Tehmina Sunny is an English actress. She is also trained as a violinist and vocalist. She is of Indian descent.

Life and career
Sunny's career began whilst living in London. After a trip to Los Angeles to study with an acting teacher, she decided that LA was a city she would like to live and work in. Not an easy transition, she moved to LA to pursue her dreams.

Sunny began to book roles on TV shows including  The Following with Kevin Bacon, 24, Heroes, Californication, NCIS, Undercovers written by J. J. Abrams, ABC's Mistresses and The Newsroom by Aaron Sorkin. Her first film role was with Alfonso Cuaron in his Oscar-nominated film Children of Men. She has worked with directors including Mike Figgis, Roland Joffe and Ben Affleck. where she was cast in Ben's Oscar-winning movie Argo.
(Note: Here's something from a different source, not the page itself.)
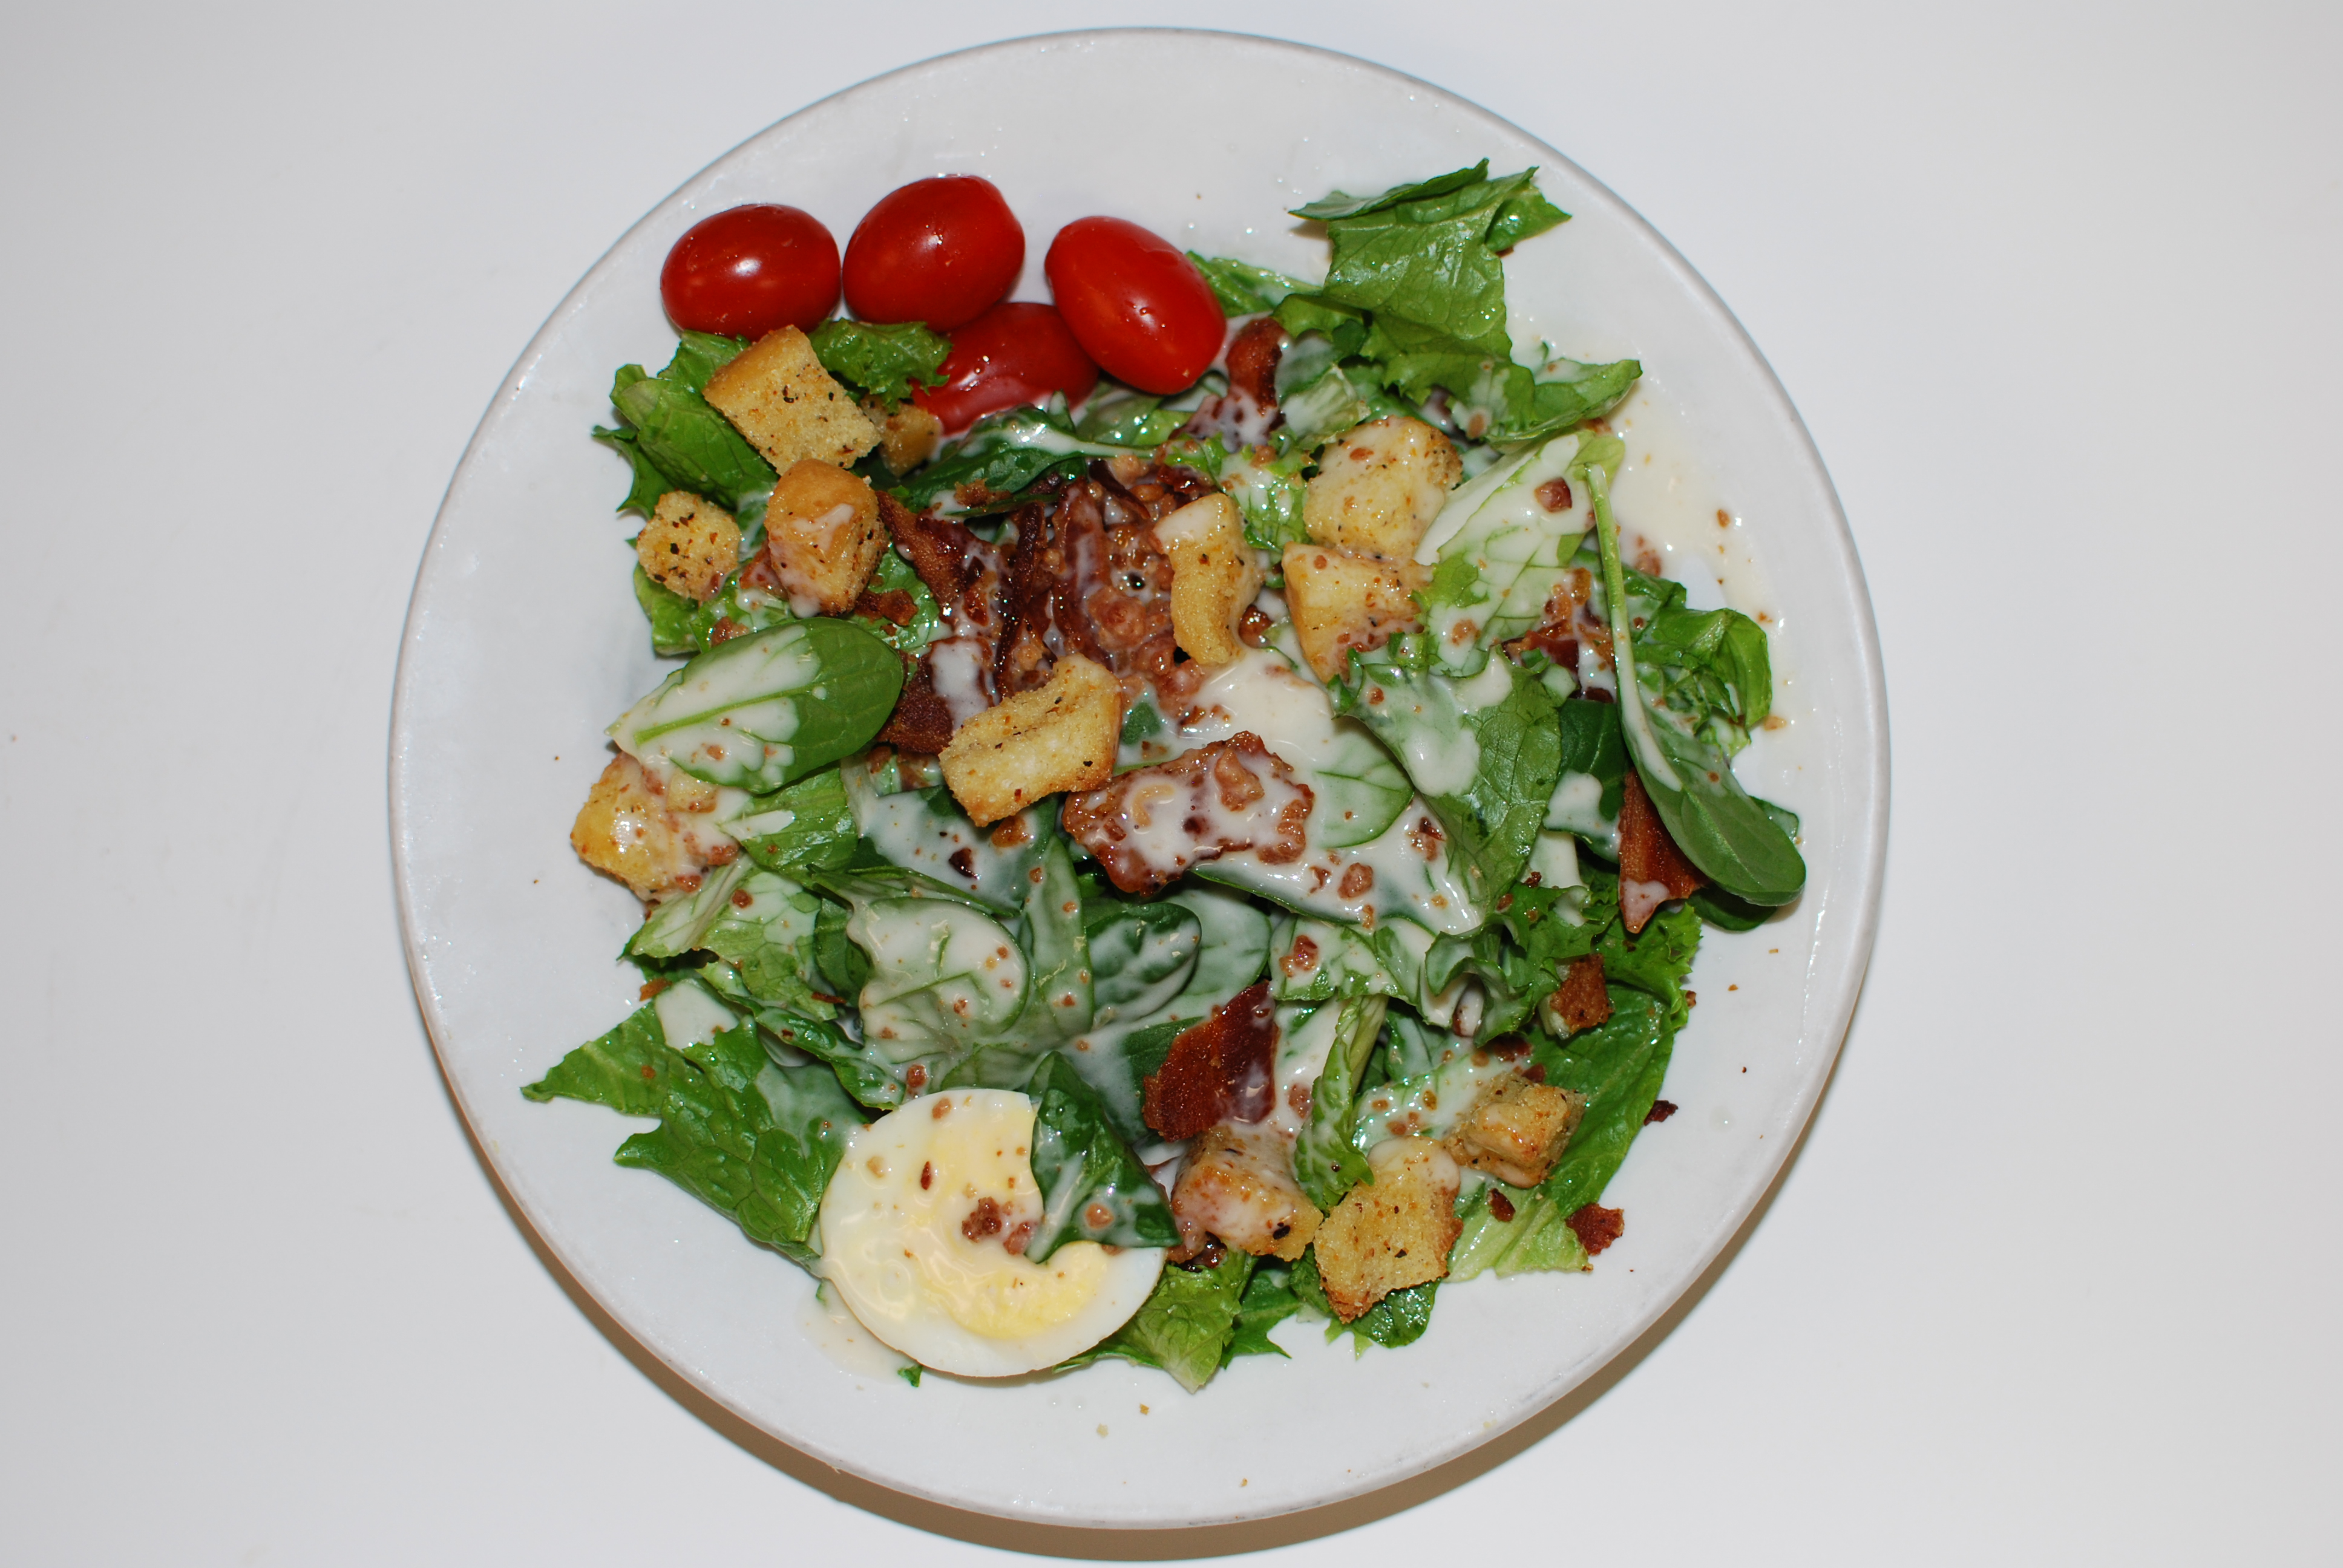 Dinner House Salad $6.00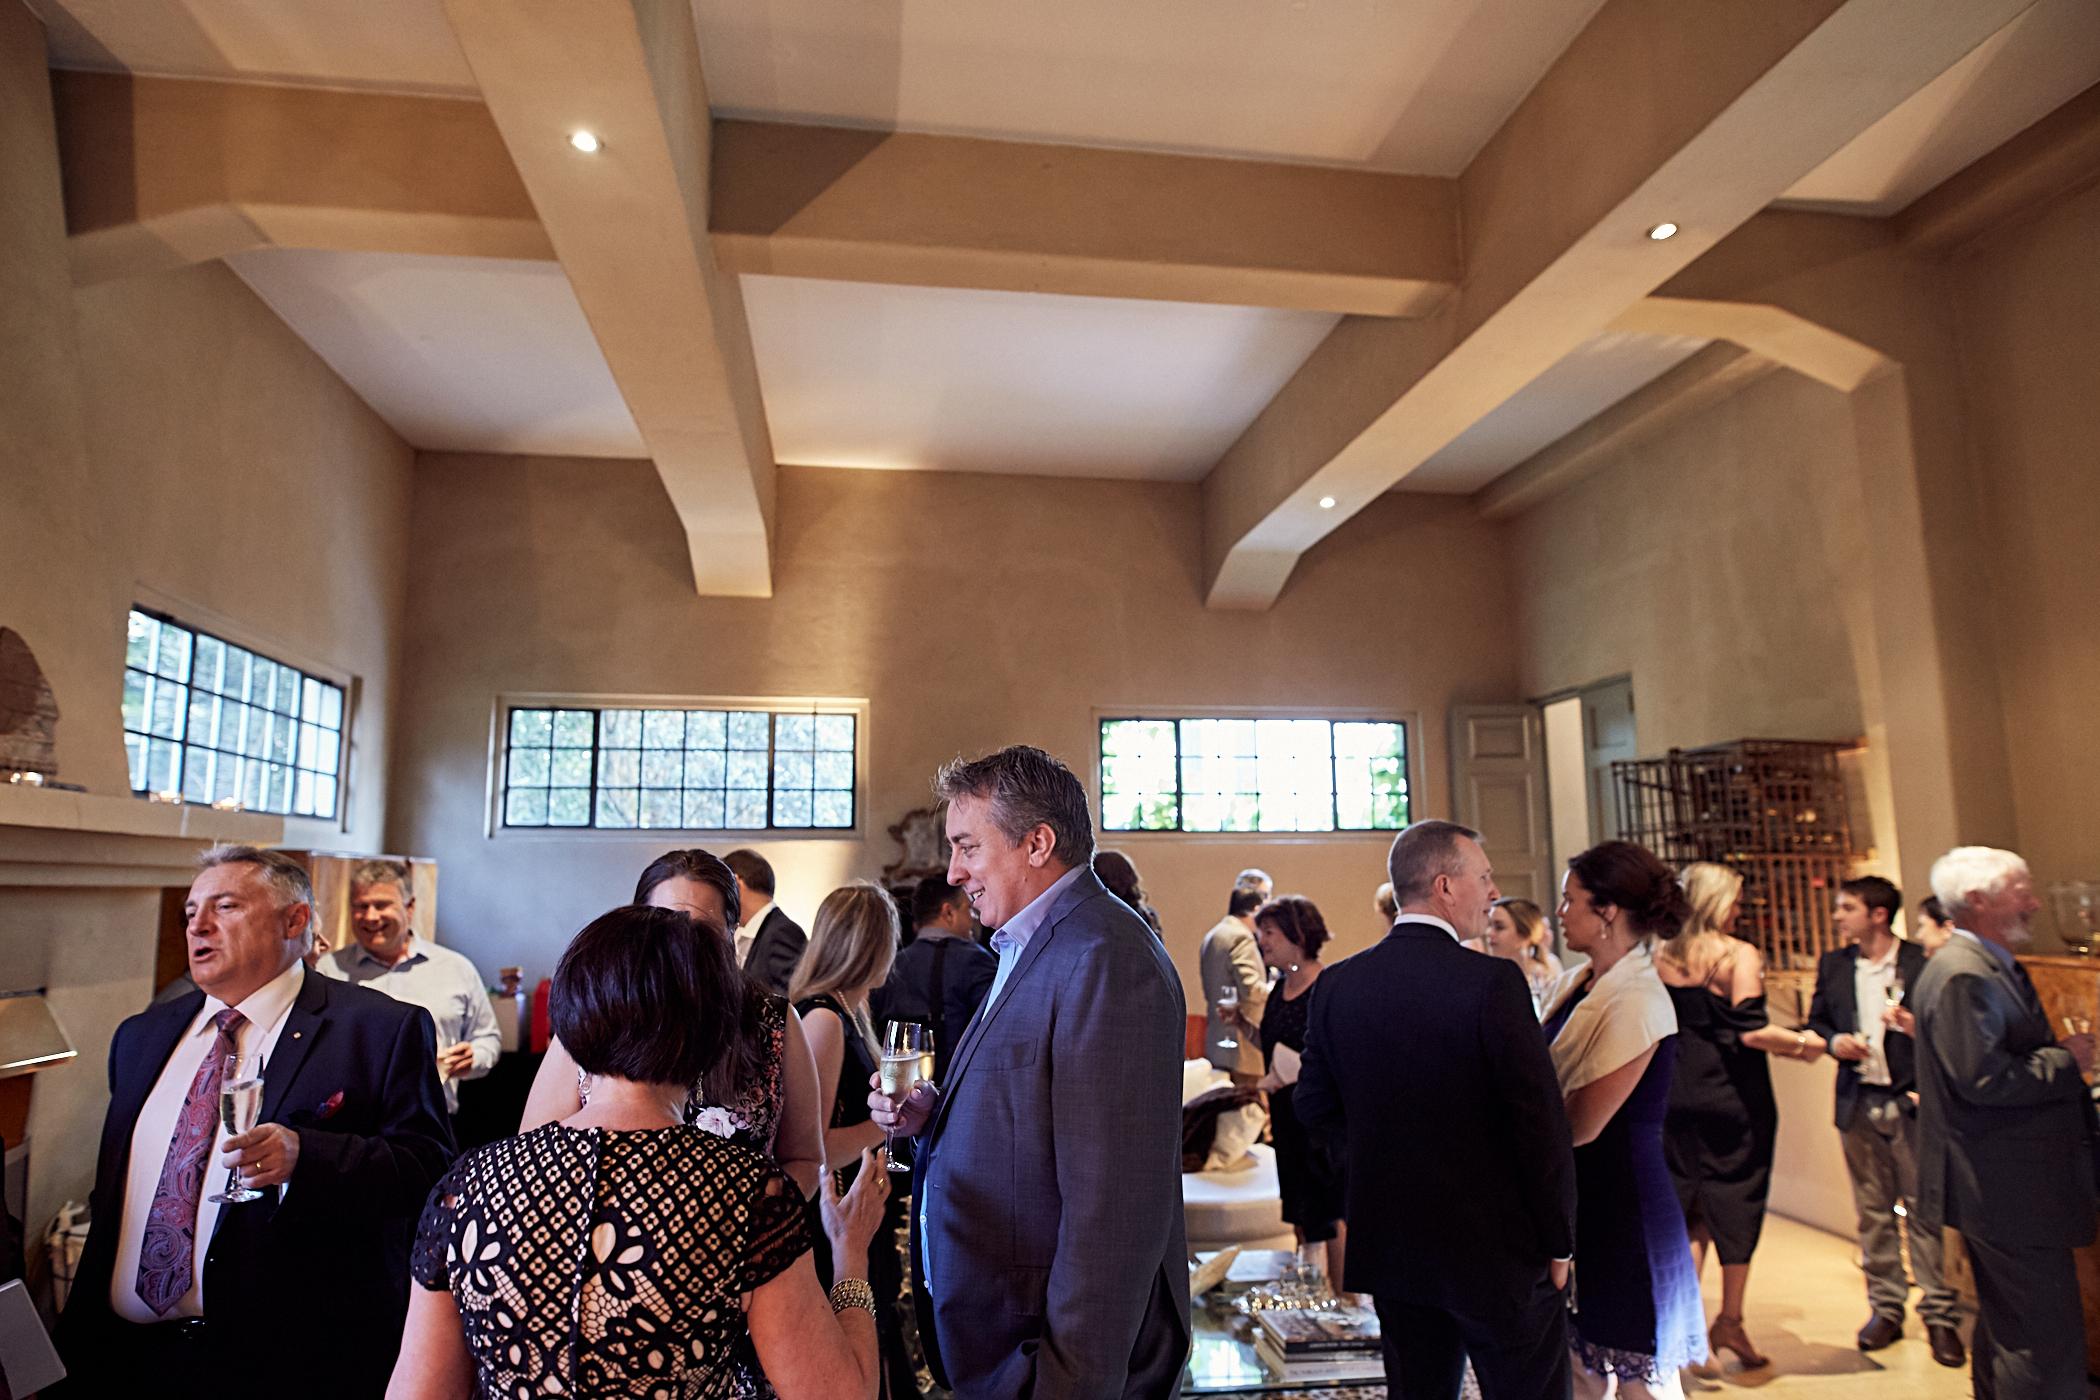 Inside Mantells wedding venue

In 2013, Sunny competed against 6000 people and was selected to join the last 20 for the CBS Diversity Showcase program. This event highlighted her to the entertainment industry. In November 2014, Screen International named Tehmina as one of their 'LA Stars of Tomorrow'. A special edition to the magazine to highlight up and coming talent. She was portrayed as a Reporter in the Found footage Thriller The Vatican Tapes in 2015.

She recurred on the CBS show Training Day opposite Bill Paxton and was a series regular on The CW Sci-Fi show Pandora (TV series) for season 1. In 2020, she joined as a recurring role on season 6 of Chicago Med playing the character Dr. Sabeena Virani.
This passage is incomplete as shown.